To his constituency--the same one that endorsed the presidential candidacies of Richard Nixon, Gerald Ford and Ronald Reagan--he recommended, in the election year of 1966, this answer to the problem of increased federal spending: "Let's do it by tax increase and not by inflation." In 1967, his position on Vietnam was to "say as plainly as I can that I was wrong two years ago, and I firmly believe President Johnson's advisers are wrong today."
Never a weathervane, he saw the leader's job as to lead, something he did on such thorny political issues as civil rights, welfare and campaign finance reform. And over 22 years in the House, Rep. Morris K. Udall has presented his controversial views not quietly to Manhattan salons or other liberal enclaves but publicly to the voters of his district in his congressional newsletters, which are unique for their detail, their fairness and their thoughtfulness.
Most congressional newsletters are none of the above, filled with self-promoting puffery and photos of the legislator welcoming a celebrity or consitutent to the Capitol. The other almost invariable feature is the continuing saga of how "our congressman" is simultaneously cutting unnecessary federal spending and getting deserved federal aid for "our" district. To read such newsletters is to conclude that most congressmen do not much respect the intelligence of their constituents. To read Udall's over two decades is to appreciate the politics of respect that he has practiced.
Now 60 and visibly slowed in step by Parkinson's disease, Udall is publicly deciding whether to run again for president in 1984. He ran before, in 1976, finshing second to Jimmy Carter while leading a campaign more notable for its high spirits and succession of managers than for its competence or direction.

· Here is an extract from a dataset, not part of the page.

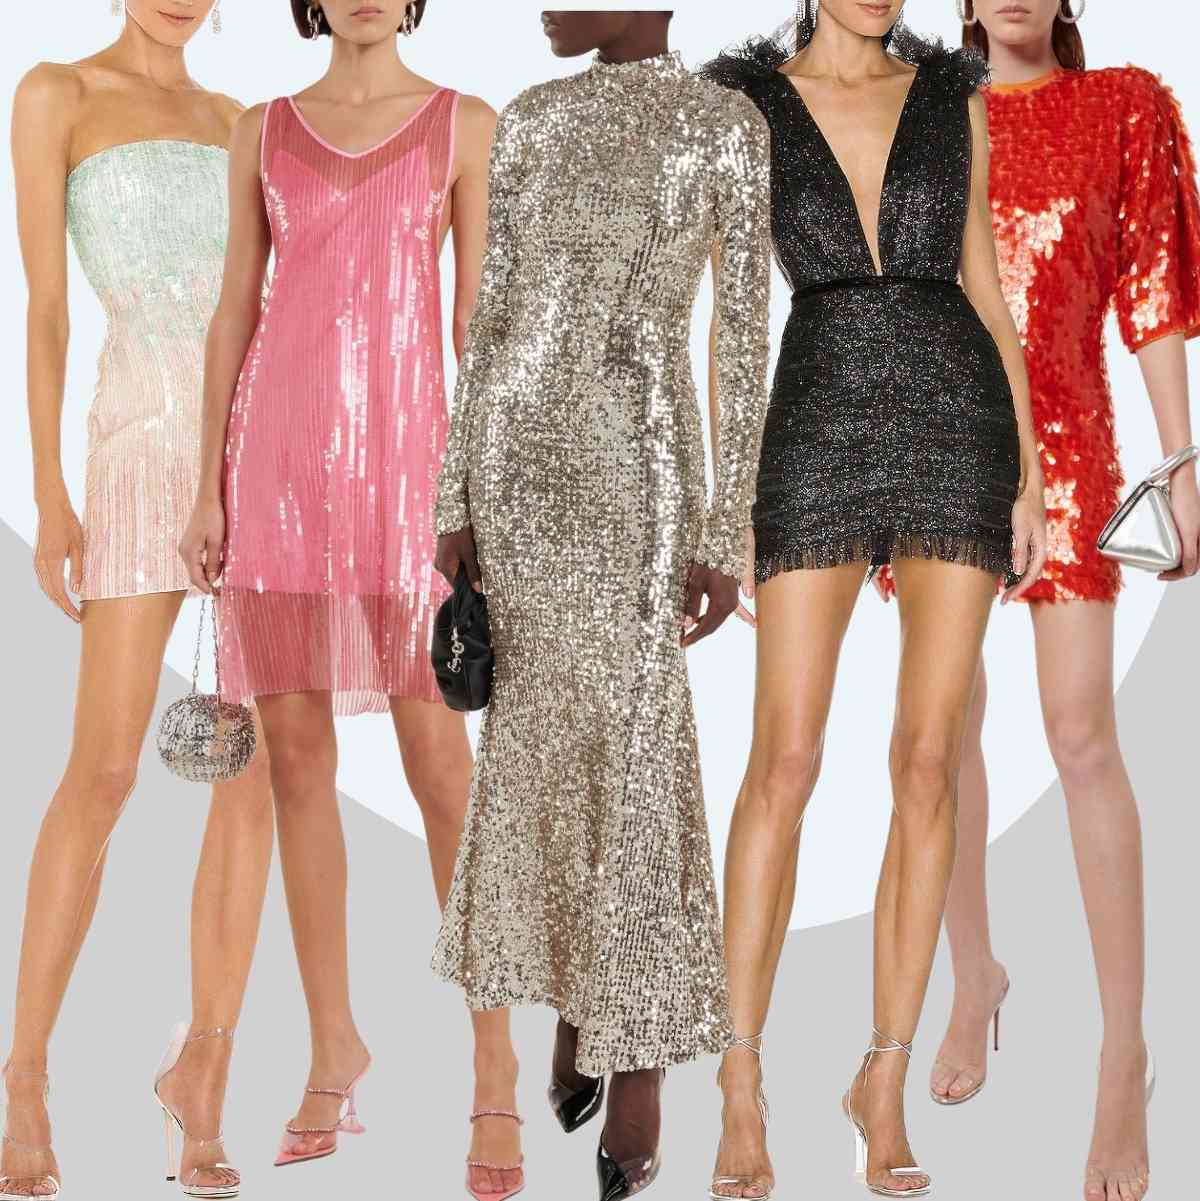 Collage of 6 women wearing different clear heel outfits with sequin dresses.

That year, the easygoing Udall went much too easy on his campaign staff and allowed himself, surely the most likable of the candidates, to be seen as the embodiment of the 1976 liberal issues floating around the nation. His personality was lost in his position papers.
As to 1984, Udall frankly acknowledges that his family has made a "pretty potent argument" against the race. And Udall has always lacked that all-consuming conviction that he, and he alone, can save the Western world. In 1976, he used to warm up crowds by telling about walking into a New Hampshire barber shop, putting out his hand to the man in the first chair and saying: "Hi, I'm Mo Udall and I'm running for president." To which the man responded: "Yeh, we were just laughing about it."
There are problems beyond the candidate's health. There is the suspicion that some House colleagues are encouraging Udall because he represents a plausible and comfortable hiding place for the time being. The Udall ideas have not been as fresh in the '80s as they were in the '60s and '70s. Like any candidate, Udall must present the compelling rationale for his candidacy.
But whatever he decides about 1984, Udall's newsletters from 1961 on should be required reading for anyone who wants to be president--or county commissioner. He is that most rare of liberals, one who likes both mankind and people.